Data extract START
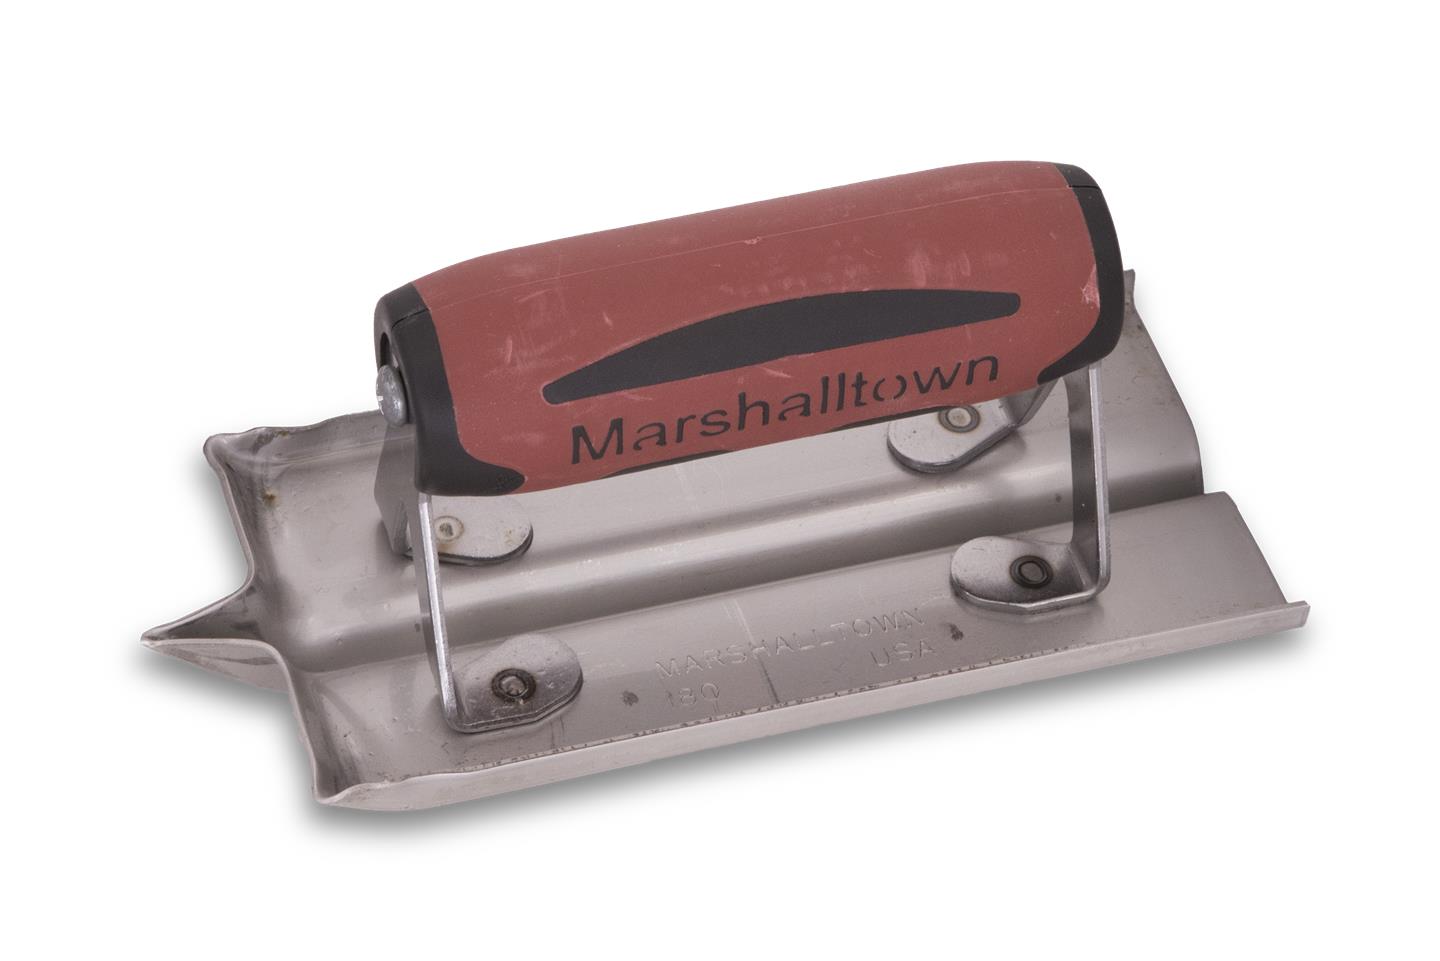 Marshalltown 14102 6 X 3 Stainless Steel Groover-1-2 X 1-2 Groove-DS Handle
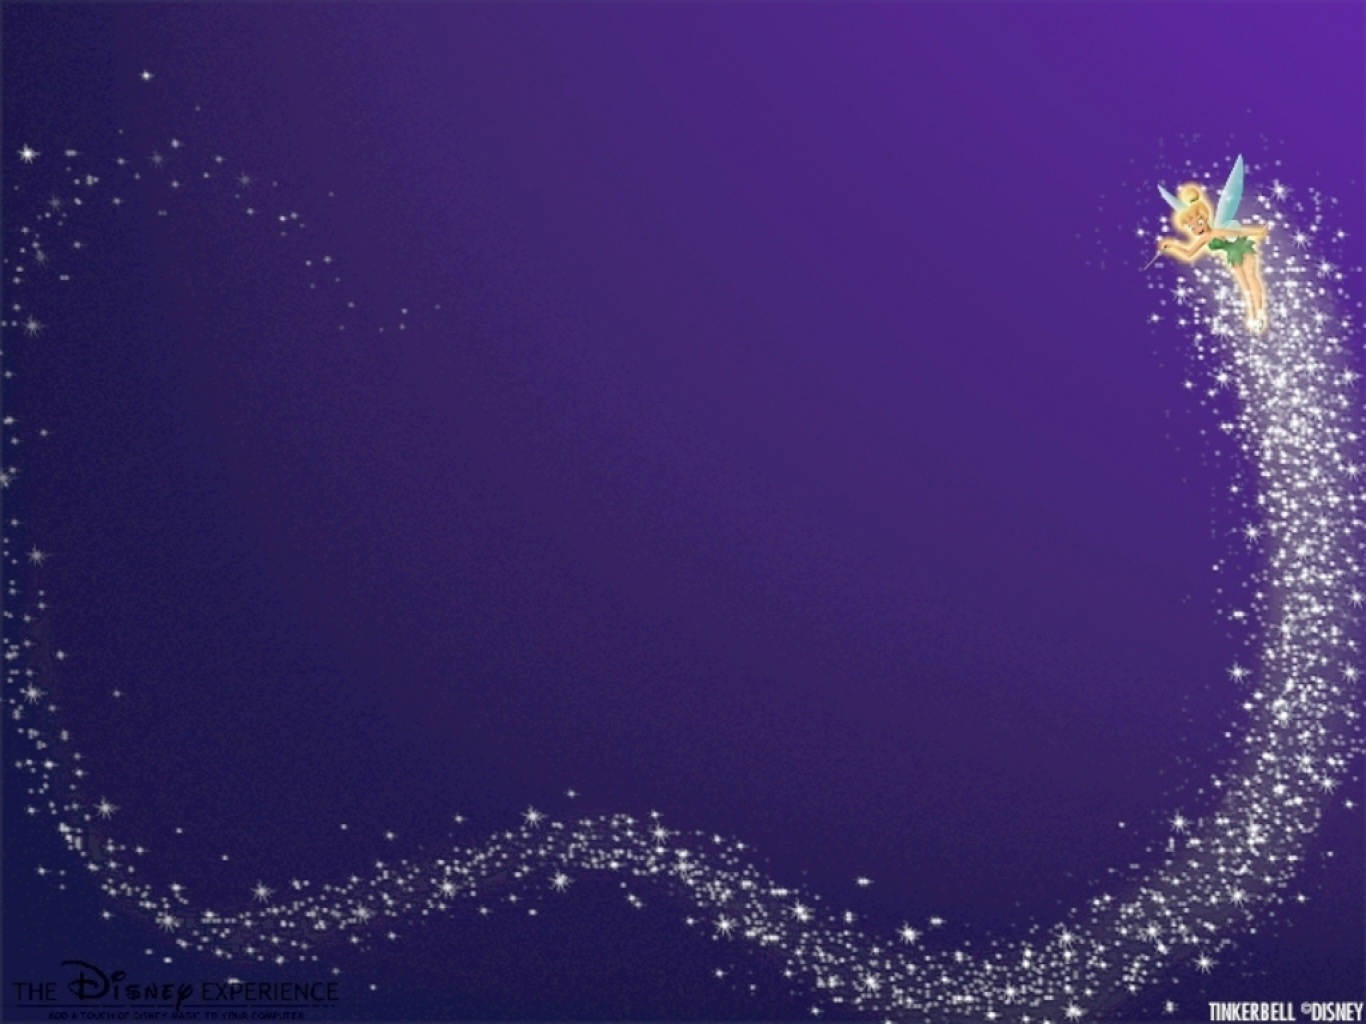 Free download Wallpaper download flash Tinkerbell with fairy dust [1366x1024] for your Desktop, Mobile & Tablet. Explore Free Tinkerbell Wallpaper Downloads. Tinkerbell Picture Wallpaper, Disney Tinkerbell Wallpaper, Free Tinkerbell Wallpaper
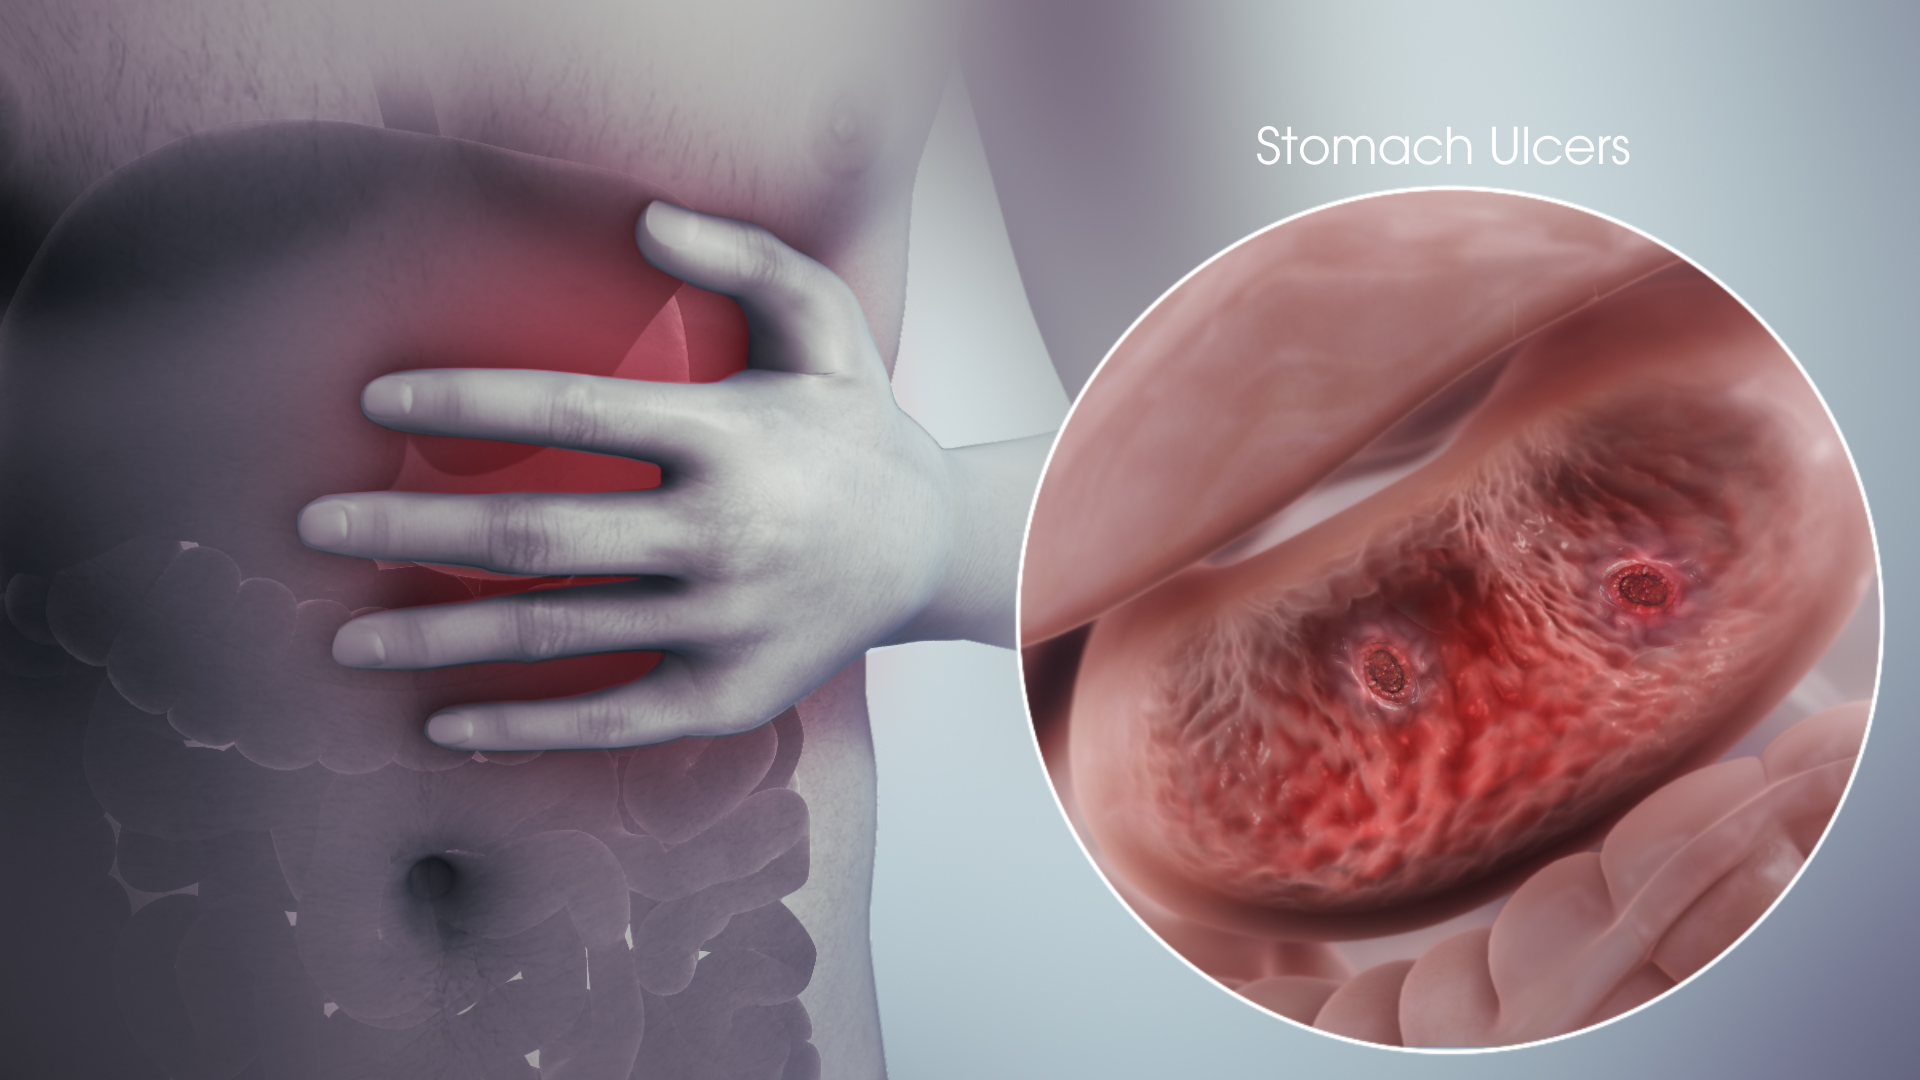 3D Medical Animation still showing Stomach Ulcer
Data extract END
**Exercise instructions**
Omit the pictures, then quote the rest of the material above exactly.

**Result**
 Marshalltown 14102 6 X 3 Stainless Steel Groover-1-2 X 1-2 Groove-DS Handle
 Free download Wallpaper download flash Tinkerbell with fairy dust [1366x1024] for your Desktop, Mobile & Tablet. Explore Free Tinkerbell Wallpaper Downloads. Tinkerbell Picture Wallpaper, Disney Tinkerbell Wallpaper, Free Tinkerbell Wallpaper
 3D Medical Animation still showing Stomach Ulcer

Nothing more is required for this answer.